**Work to be completed:** Images are not part of the copy; transcribe all the data exactly.

**Data provided:**

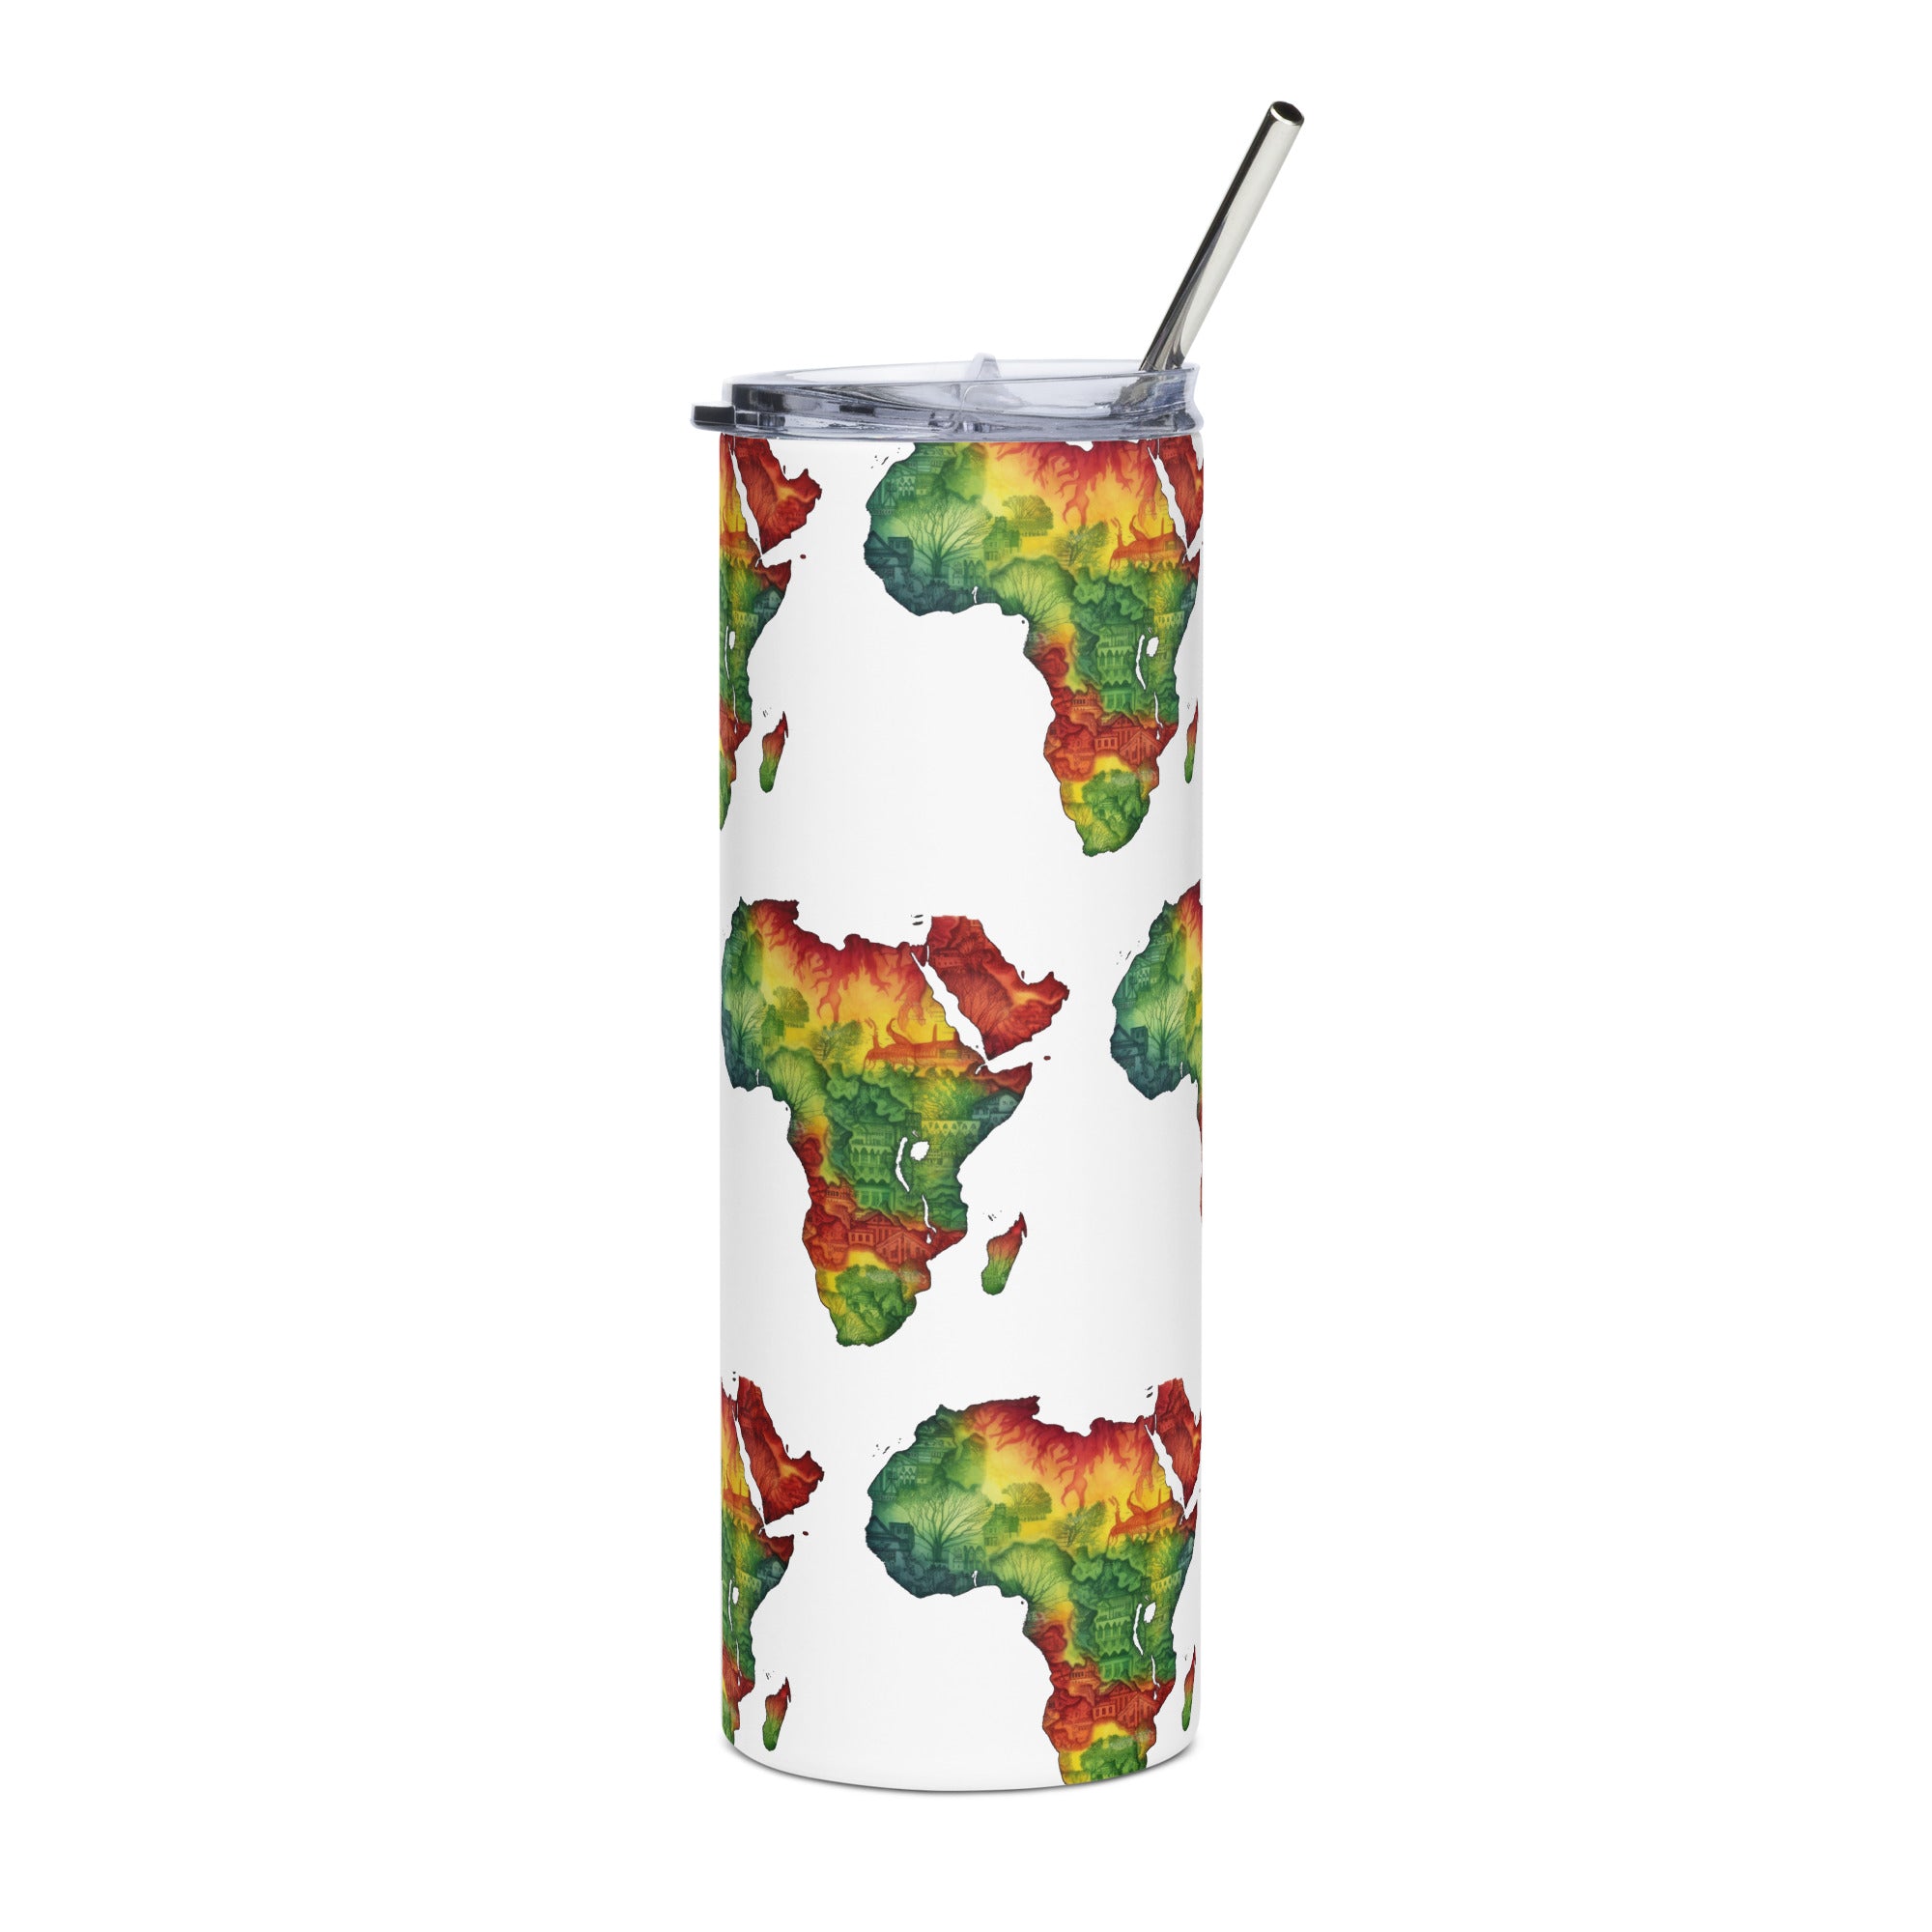 Stainless steel tumbler, Africa, Travel Mug, Coffee Cup, gift, Hot/Cold,
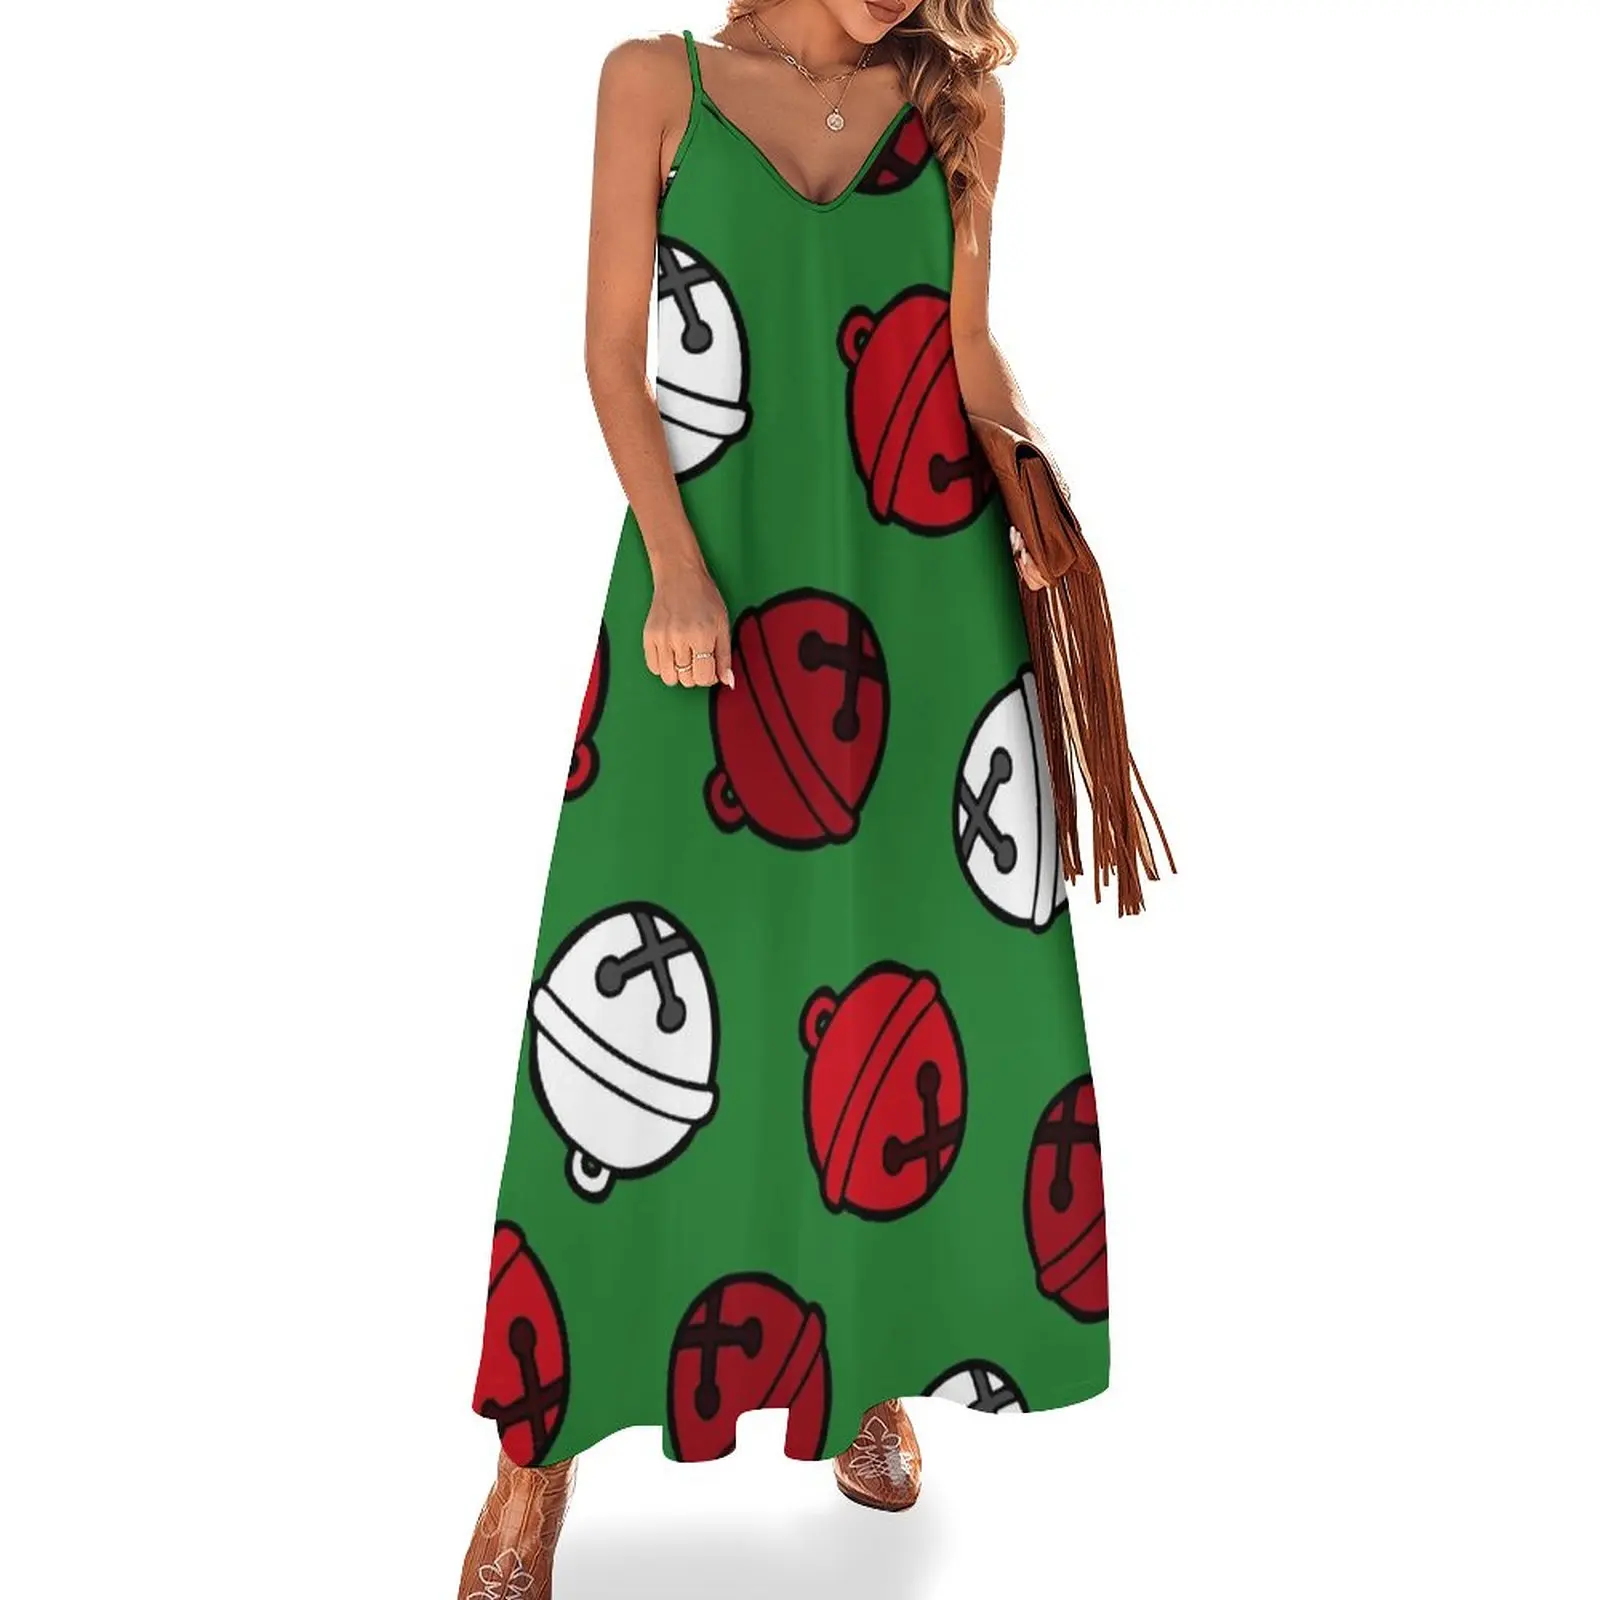 

Jingle Bells Christmas Pattern in Red, White and Green Sleeveless Dress evening dresses ladies dress for women
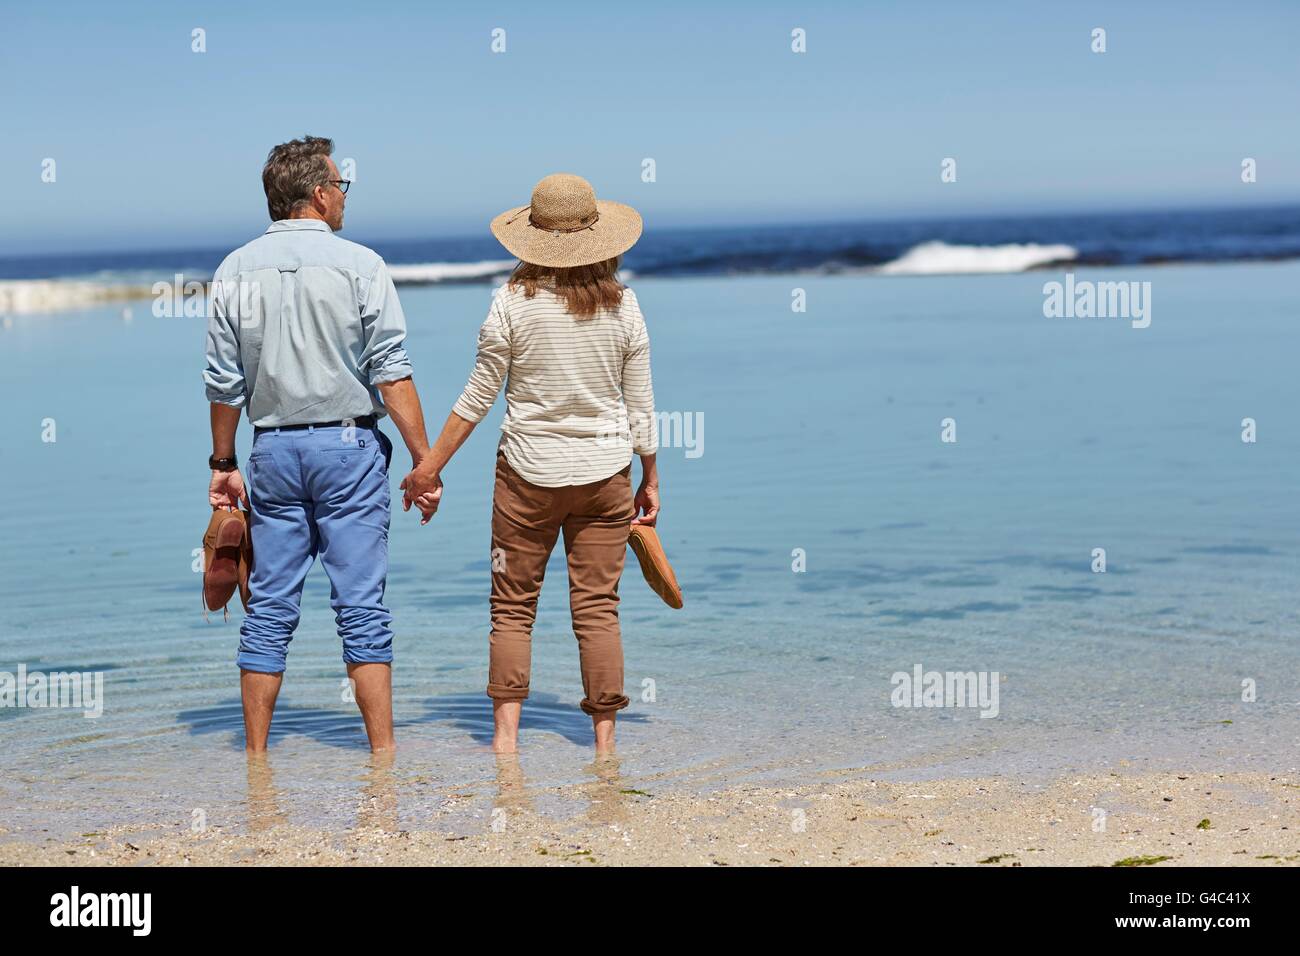 MODEL RELEASED. Senior couple holding hands, paddling in the sea. Stock Photo

**Exercise solution:**
 Stainless steel tumbler, Africa, Travel Mug, Coffee Cup, gift, Hot/Cold,

Jingle Bells Christmas Pattern in Red, White and Green Sleeveless Dress evening dresses ladies dress for women
 MODEL RELEASED. Senior couple holding hands, paddling in the sea. Stock Photo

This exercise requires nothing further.